At the beginning of their stay, we give the seals a kind of puree made from ground salmon. It contains many important fats, minerals and other nutrients. Severely weakened seals can digest the fish porridge a lot more easily than solid food. Fish porridge is mixed with water if the seals need extra fluid.

Did you know...

Seals' breast milk cannot be imitated? That is why we feed seal pups fish porridge.

To feed the fish porridge to the seals, we have to force-feed them. We insert a flexible, soft tube into the esophagus with a funnel at the end. We pour in the porridge there. This is a quick way to feed the seals. Speed is important in order to cause as little stress as possible for the animal.

vispap en trechter

Herring

When the seals switch to solid food, we always give them herring. Herring is a nutritious and firm fish, with a good shape for forcefeeding. By sticking to a single species of fish, we know how many nutrients the seals are getting per kilo of fish.

Our herring comes from Norway and is of high quality: in principle it is good enough for human consumption. We buy all the fish ourselves, it is not donated. This way we know that all fish is of good quality.

emmer vol met haring

Frozen fish

The fish is dead when we give to the seals. The two main reasons for it:

  1. It is extremely expensive to keep enough live fish for seals. Sometimes we need hundreds of kilos a day!
  2. It is ethically irresponsible to give live animals to captive predators. There are rules in the Netherlands about which animals can and cannot be fed live to predators. Animals with a backbone (including fish) may only be used as food when they are dead.

The herring is already frozen when we get it. We keep it in a special freezer where only food for the seals is allowed. Freezing it keeps it fresh for longer and reduces the chance that it will still contain live parasites. Enough herring is thawed daily to feed that day, but it never stays longer than a day. 

Learn to eat dead fish

You must be thinking: hunting should be easy! But seals are not used to eating dead fish because they hunt live animals in the wild. That is why they often have to learn to eat the dead herring themselves. This process usually involves three steps:

Forcefeeding – handfeeding – selfeating

Water

The seals that eat fish from the pool in the Sealcentre themselves do not need water. But the animals that receive less food do need a little extra fluid.

Did you know...

That a seal doesn't drink water? They get all the water they need from the fish they eat. It's a good thing: seawater is much too salty to drink!
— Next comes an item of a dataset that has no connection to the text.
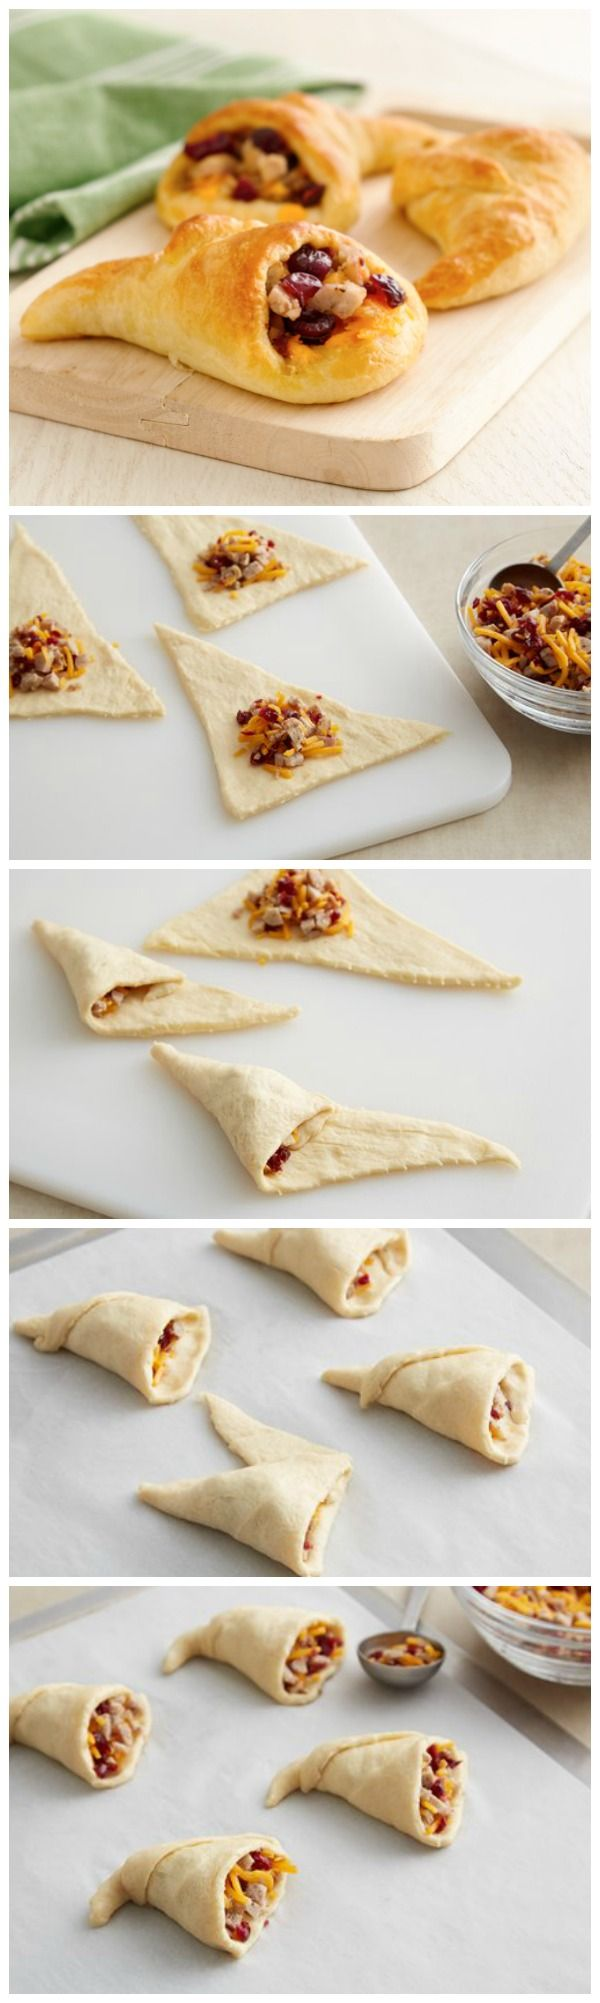 Tasty Food Ideas Turkey Crescent Rolls
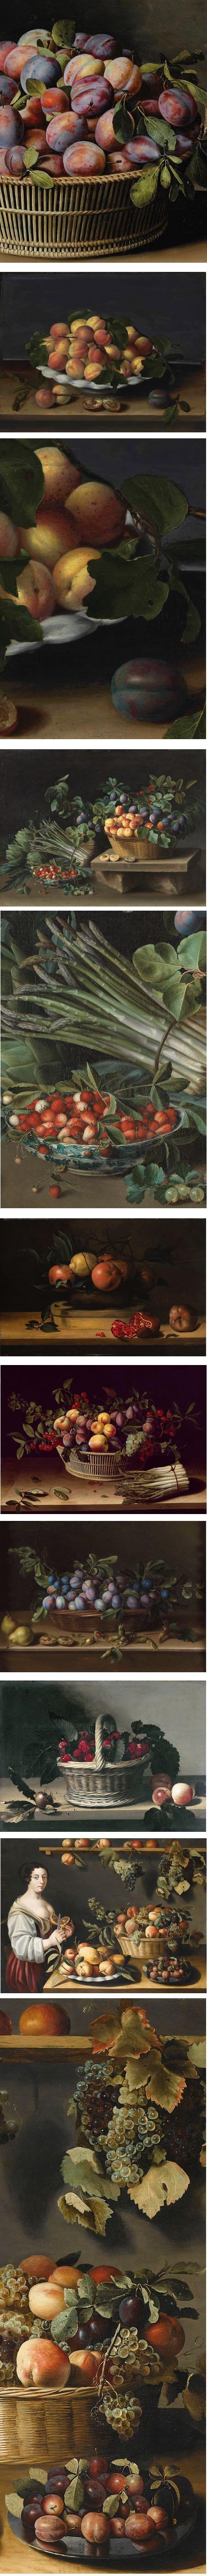 Louise Moillon, Baroque still life painting

As seals do not drink on their own, it is not possible to let them drink water from a bowl or bottle themselves. That's why we give it the same way as the fish porridge: forcefeeding with a tube and funnel.

Medicine

It is not a surprise that most seals at our rehabilitation centre need medication to get better. After the intake, the veterinarians decide what kind of medication the seal needs. During the seal's stay, it is constantly monitored whether the treatment plan needs to be adjusted. The vet also decides when the patient no longer needs medication.

Antibiotics

We only give the seals antibiotics if the vets determine they have a bacterial infection. The Dutch government has guidelines for the responsible use of antibiotics. If animals (and humans) use too many antibiotics, they can become resistant This means that the antibiotics will work less effectively and bacteria will not die.

Oral medication

Oral medications are medications that must be taken by the patient through the mouth in order to work. We always put these medicines in the seal's food. When they get fish porridge or water, we crush and mix the pills and add them through the funnel. Seals that are hand-fed or already eat themselves often get their pills in the fish.

These medicines can have a variety of effects. For example:

  • Painkillers for animals with injuries
  • Antibiotics against bacterial infections
  • Deworming medication against lungworms

Local medication

Local medicines are applied to the place where they are supposed to work. Examples are:

  • Mouth spray for wounds or inflammations in the mouth
  • Ointment for skin ailments
  • Eye drops
  • Ear drops

Injections

Sometimes there are also medicines that need to be injected. This is then done by a vet, usually in the armpit of the seal.